The referer spam page I posted on August 9th was the first time I’d worked with this site’s template in a very long time. It might be the last time too. These pages were originally built with DreamWeaver, which I no longer use. Resulting from that, the code is a disaster. Sure it works and mostly validates, but maintenance is difficult and the whole thing is lacking in technical elegance. For the time being, I will probably be posting new pages in a stripped down basic semantic structure.
Joe Maller.com
I posted my referer-spam solution for dealing with hits from porn sites. In the past 6 days my server has rejected over 13,000 requests.
It’s only a matter of time before TrackBack gets exploited too, that’s going to be ugly…

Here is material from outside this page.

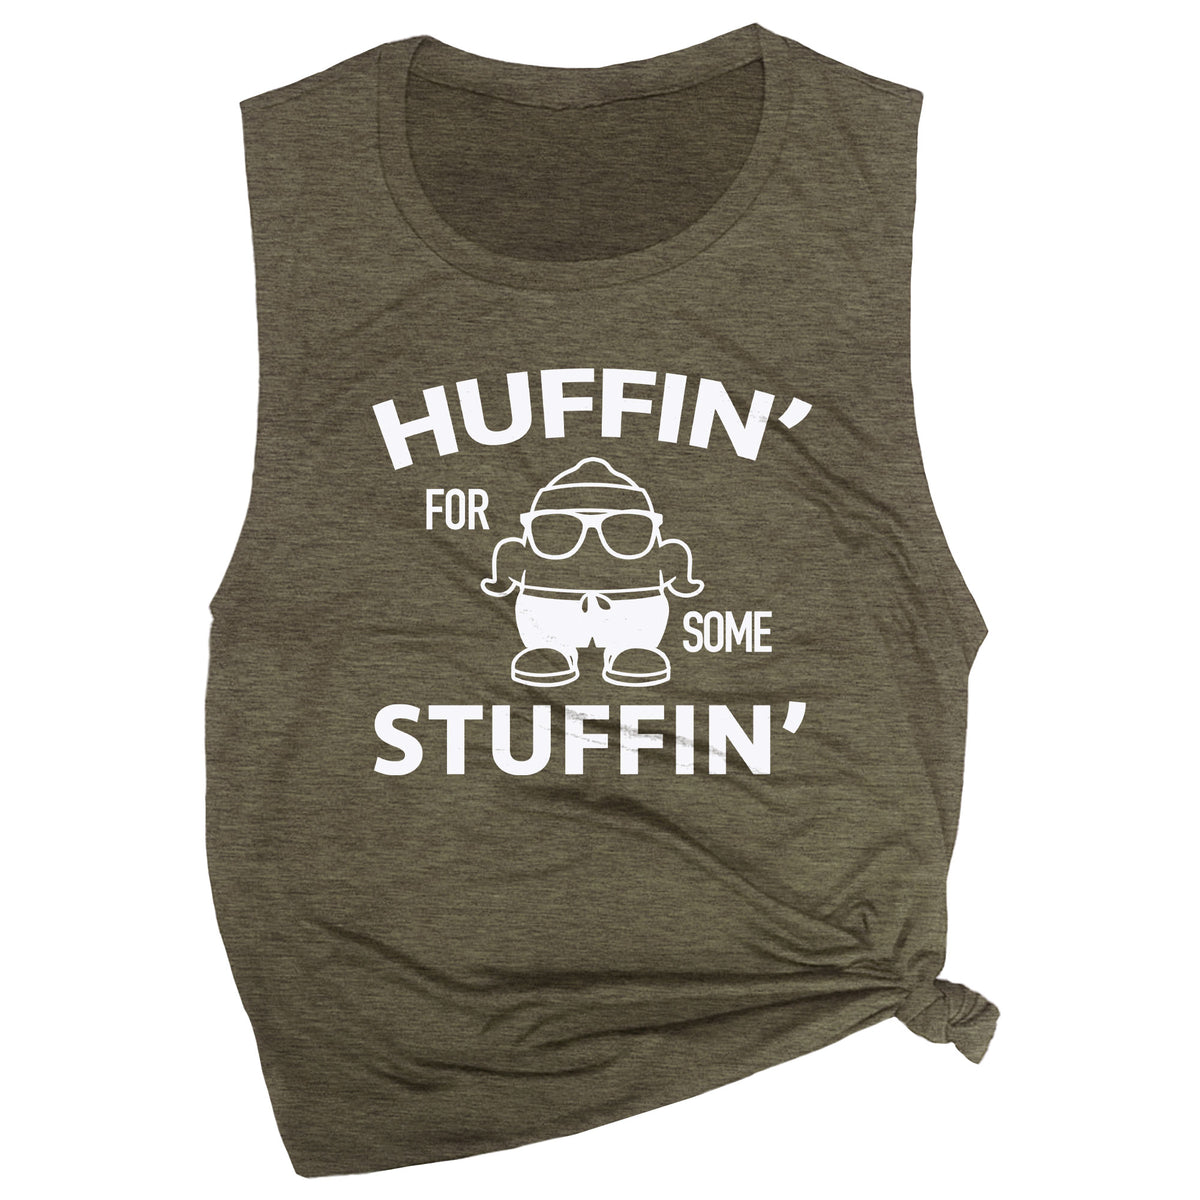 Huffin' for Some Stuffin' Muscle Tee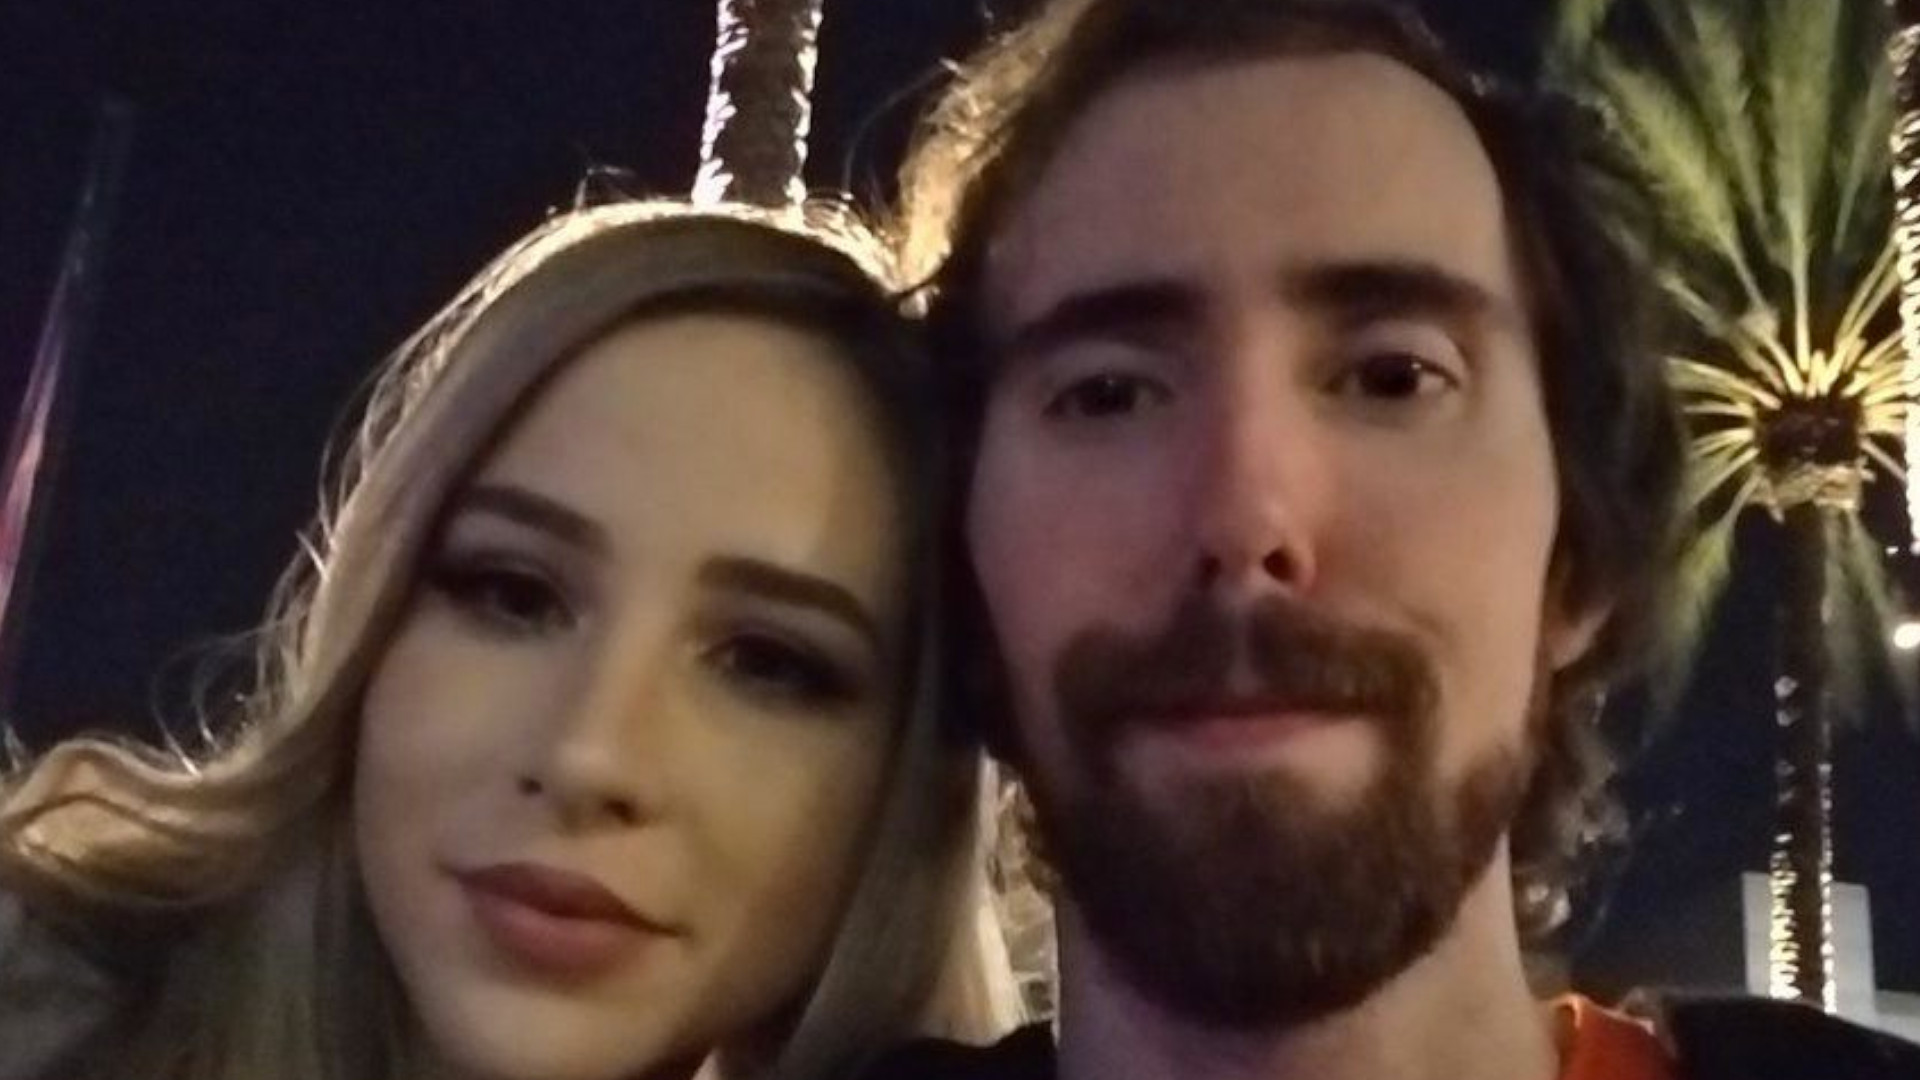 Twitch's flagship nerd can't have a girlfriend: "I want him to be miserable and lonely like me."

The last 24 hours have seen a massive onslaught of referer porn spam. Unlike last time, the current attack’s IP addresses are all coming from all over the world (yes, it’s still coming…). Either someone is spoofing IPs, some spyware-worm installed in Windows MSIE (all hits are identifying as flavors of Windows IE) or this is among the first exploits of the newest Microsoft security hole. I’m betting on distributed spyware.
Most of the IP addresses are from outside the US, so legal action or billing for exploited bandwidth aren’t really a practical options (as if I have the time). A few even came out of Saudi Arabia, where someone could probably get into a great deal of serious trouble/bodily harm for aiding the spread pornography, however unwittingly.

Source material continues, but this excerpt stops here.